You know what you need when life's gone to pot? Music. And I've been finding the kind of joy that you have to hum out loud all over the place lately.

So, without further ado.... I would like to thank:

1. Albert Collins. For his uncredited brilliance in 'Adventures in Babysitting'. He manages to steal the show from Vincent D'Onofrio (as Thor!) and Bradley Whitford (and his actual Camaro) with an itchy, echoing blues riff and the refrain "And the girl's probably dead! Yes, it's so haaaard, babysitting these guys..."

2. Yo-Yo Ma. They say he did every take of the Bach Cello Suite No.1 live when he filmed the "Noël" episode on The West Wing. Holy crap. That's all I can say, dude.

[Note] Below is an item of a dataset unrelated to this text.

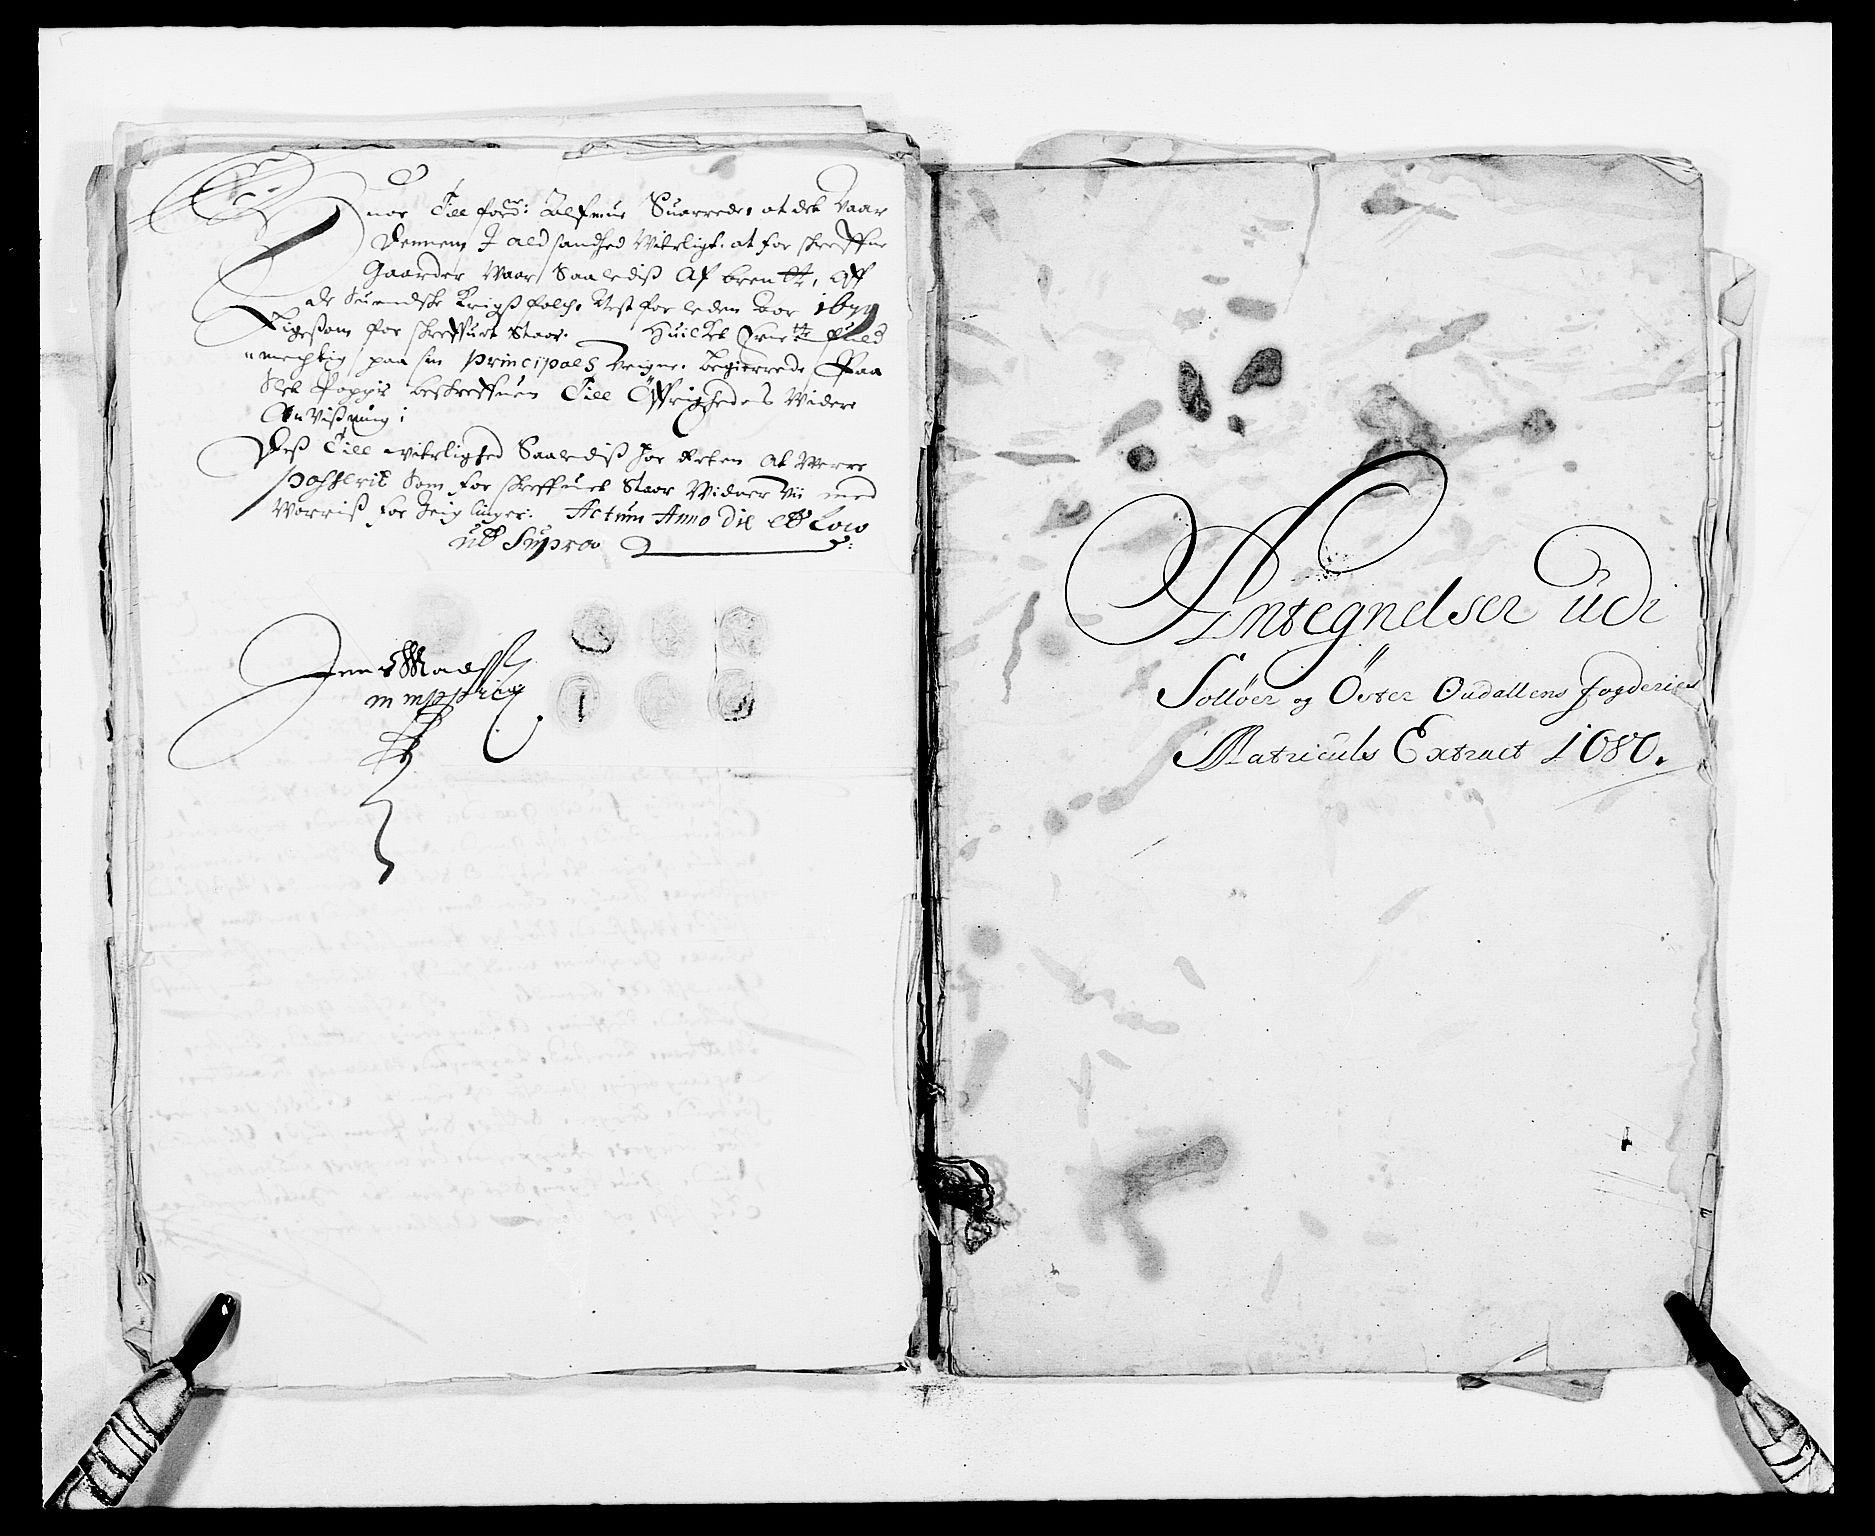 RA, Rentekammeret inntil 1814, Reviderte regnskaper, Fogderegnskap, R13/L0817: Fogderegnskap Solør, Odal og Østerdal, 1680, s. 336

3. Harry Belafonte. Sure, sure, his "The World Turns Around" at the end of his Muppets Show episode will make you get all misty. But for me, the brilliance is in the "Banana Boat" song as he gets constantly interrupted by incompetent Muppets and just keeps going with this caramel voice that forces your ass to dance even if the rest of you isn't in the mood. (His reaction to the delivery of eggplants instead of bananas is classic.)

4. Kristen Chenoweth. When she belted "Hopelessly Devoted to You" in Pushing Daisies? I Totally had to go load the entire "Grease" soundtrack into my iTunes. Damn you, Kristen, for making Olivia sound like a wannabe!

5. Hugh Laurie. Actually, it might not have actually been Hugh Laurie. I mean, the guy's a talented musician, I think, but I don't wanna give credit where credit ain't due. So, uh, Hugh Laurie The Commodores. For the opening licks of "Slippery When Wet", which were so brilliantly air-guitared on an episode of House, M.D.

Honorable Mention: The canceled Carpoolers, which I never saw - but has some of the funniest YouTube musical moments around (I DARE you not to laugh as they On*Star the lyrics to "Come on Eileen"!)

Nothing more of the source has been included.